> Source material
[Start of Attachment]

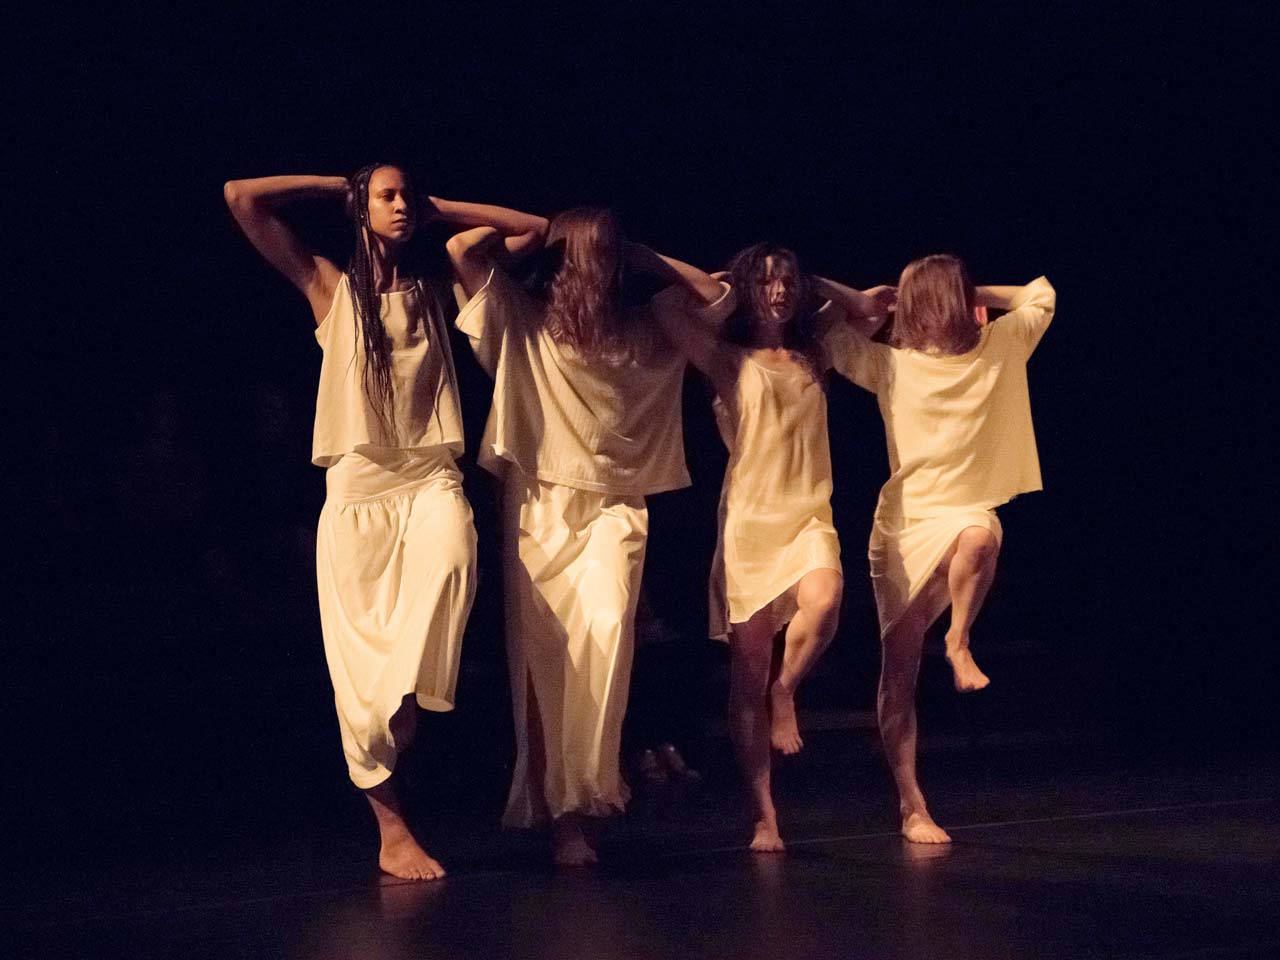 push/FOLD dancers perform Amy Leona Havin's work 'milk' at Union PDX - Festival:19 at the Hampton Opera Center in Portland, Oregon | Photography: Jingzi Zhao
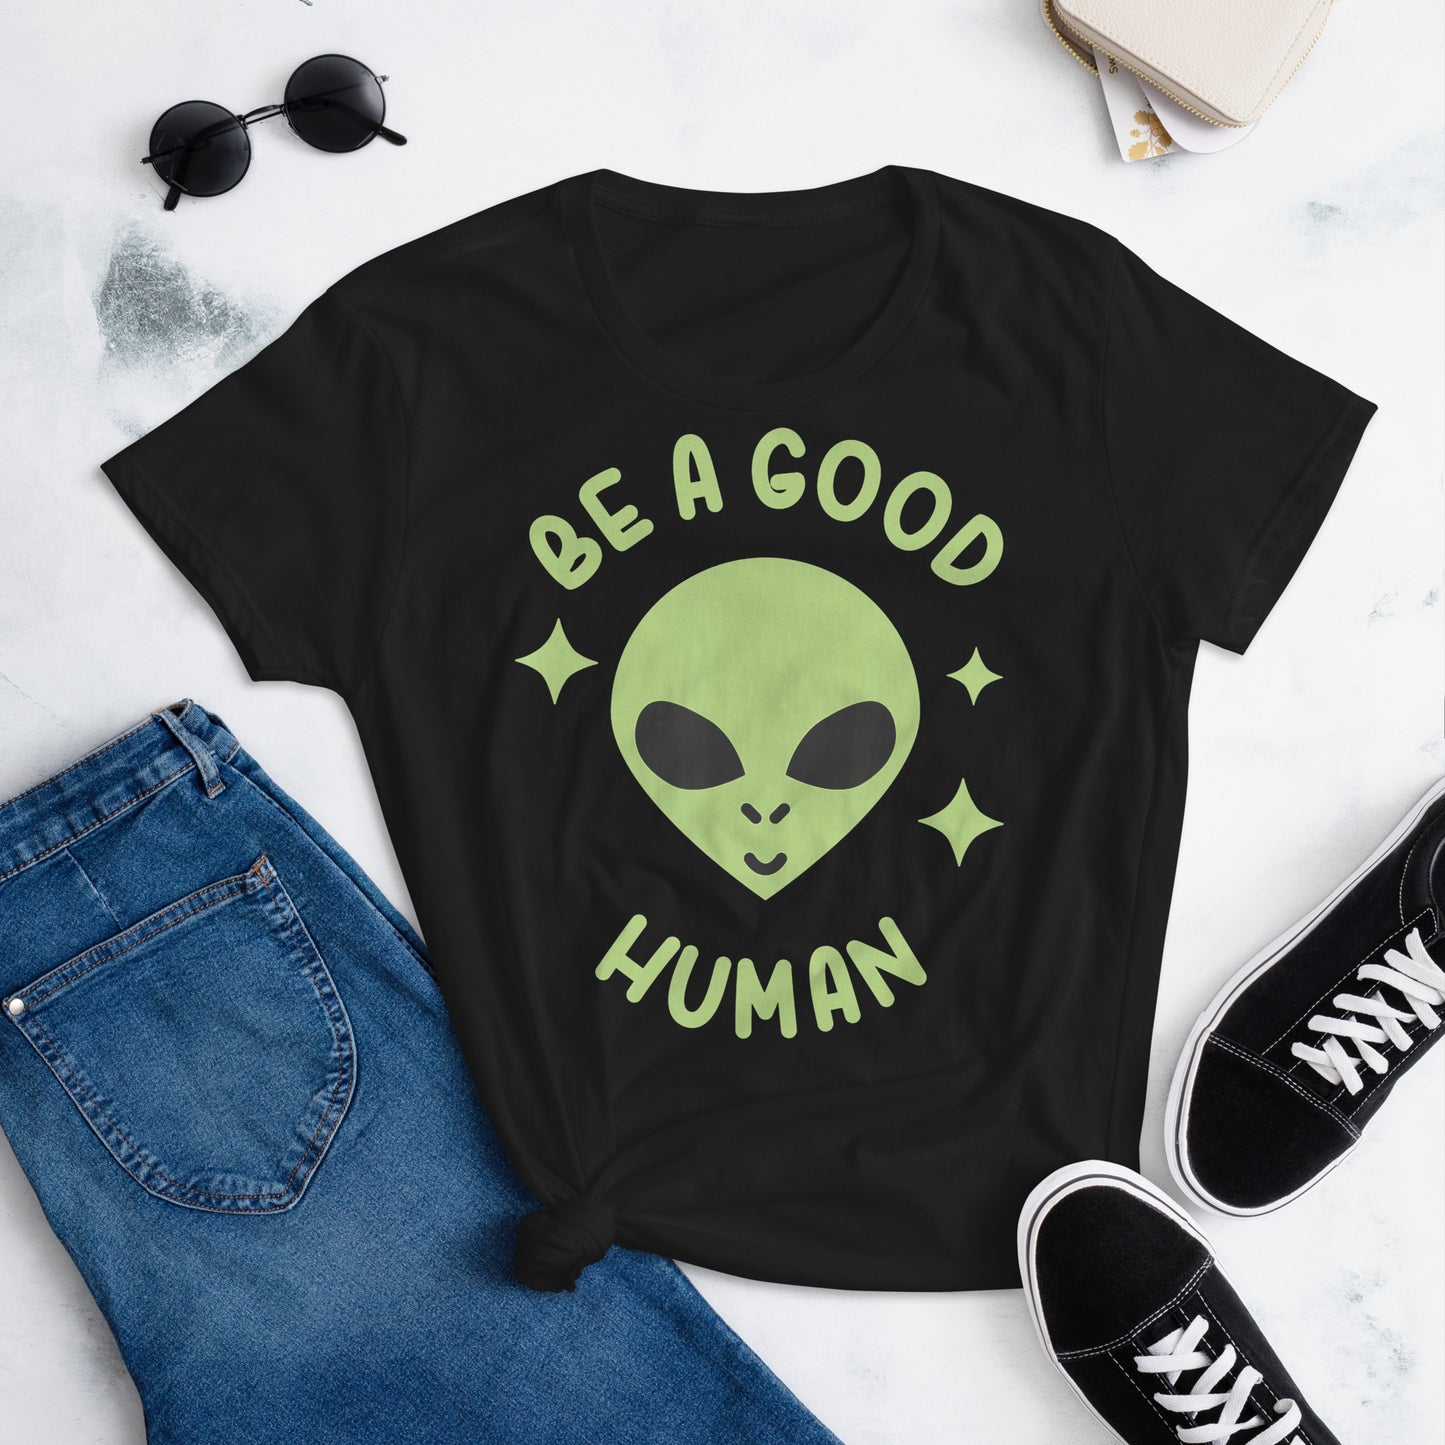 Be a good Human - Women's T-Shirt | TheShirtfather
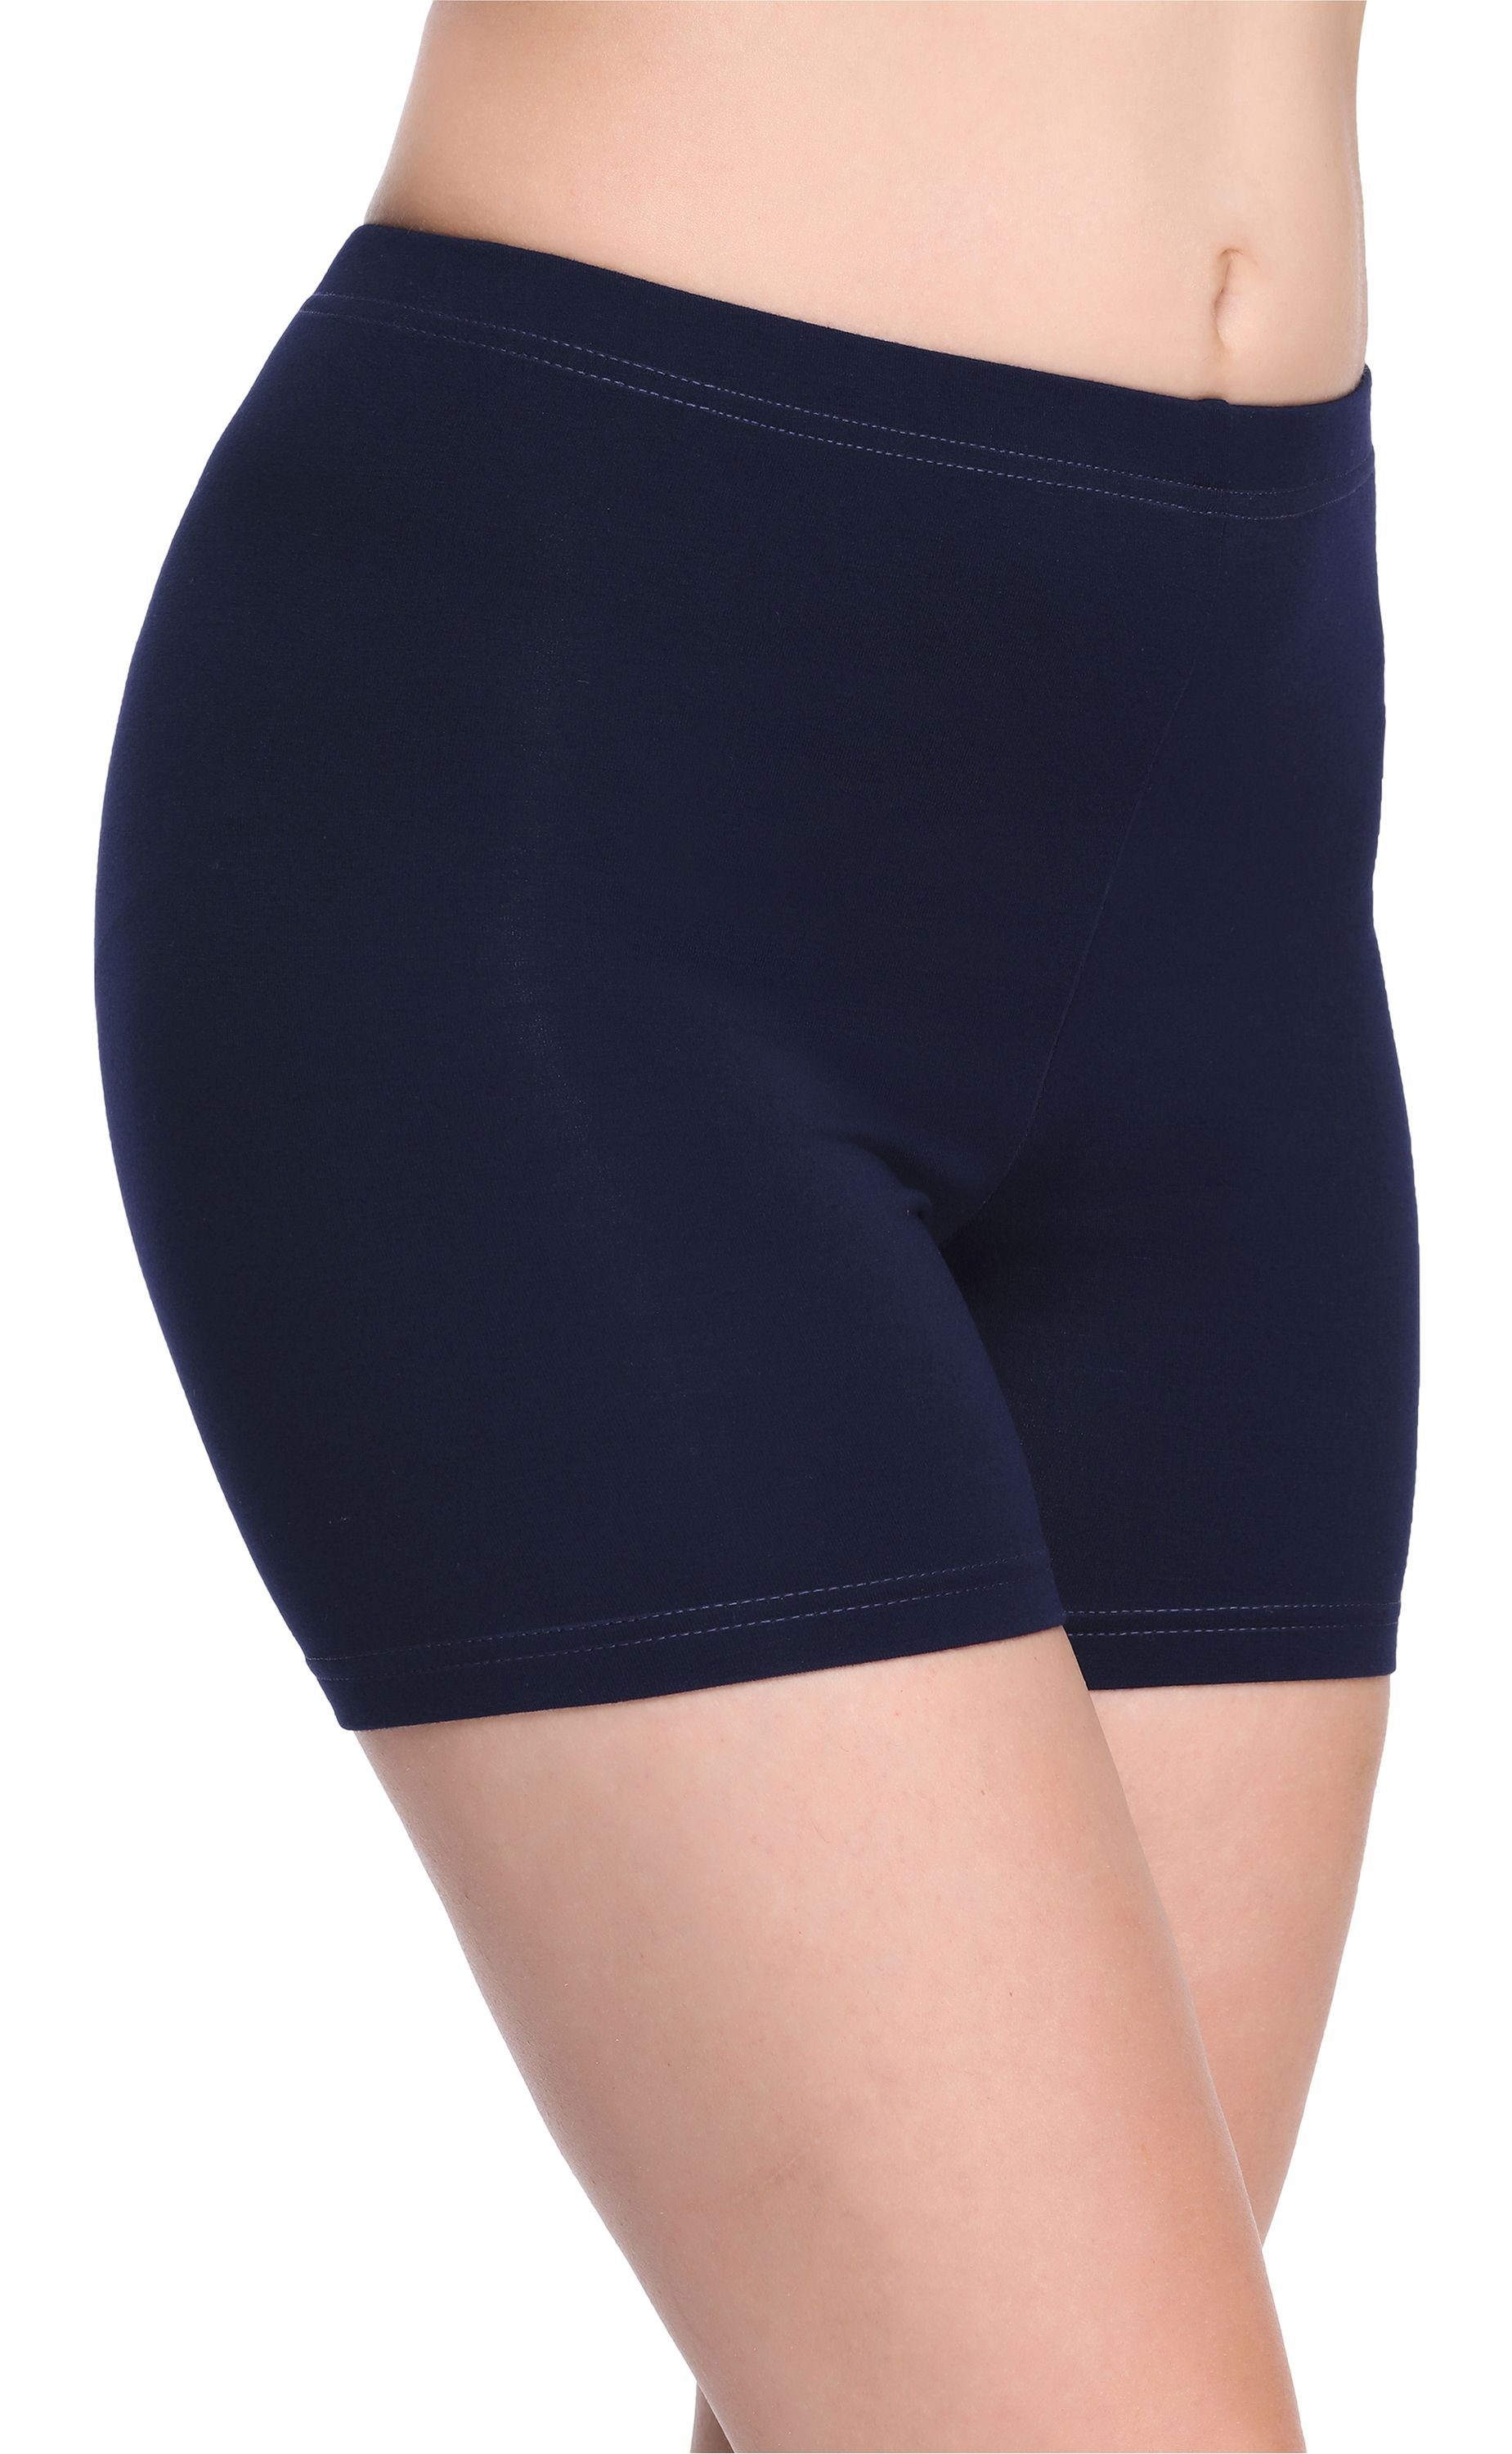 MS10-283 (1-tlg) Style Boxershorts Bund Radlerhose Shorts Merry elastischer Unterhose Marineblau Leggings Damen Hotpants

[End of Attachment]

> What to do
Take the listing above and restate it word for word, without its pictures.

> Reply
 push/FOLD dancers perform Amy Leona Havin's work 'milk' at Union PDX - Festival:19 at the Hampton Opera Center in Portland, Oregon | Photography: Jingzi Zhao
 Be a good Human - Women's T-Shirt | TheShirtfather
 MS10-283 (1-tlg) Style Boxershorts Bund Radlerhose Shorts Merry elastischer Unterhose Marineblau Leggings Damen Hotpants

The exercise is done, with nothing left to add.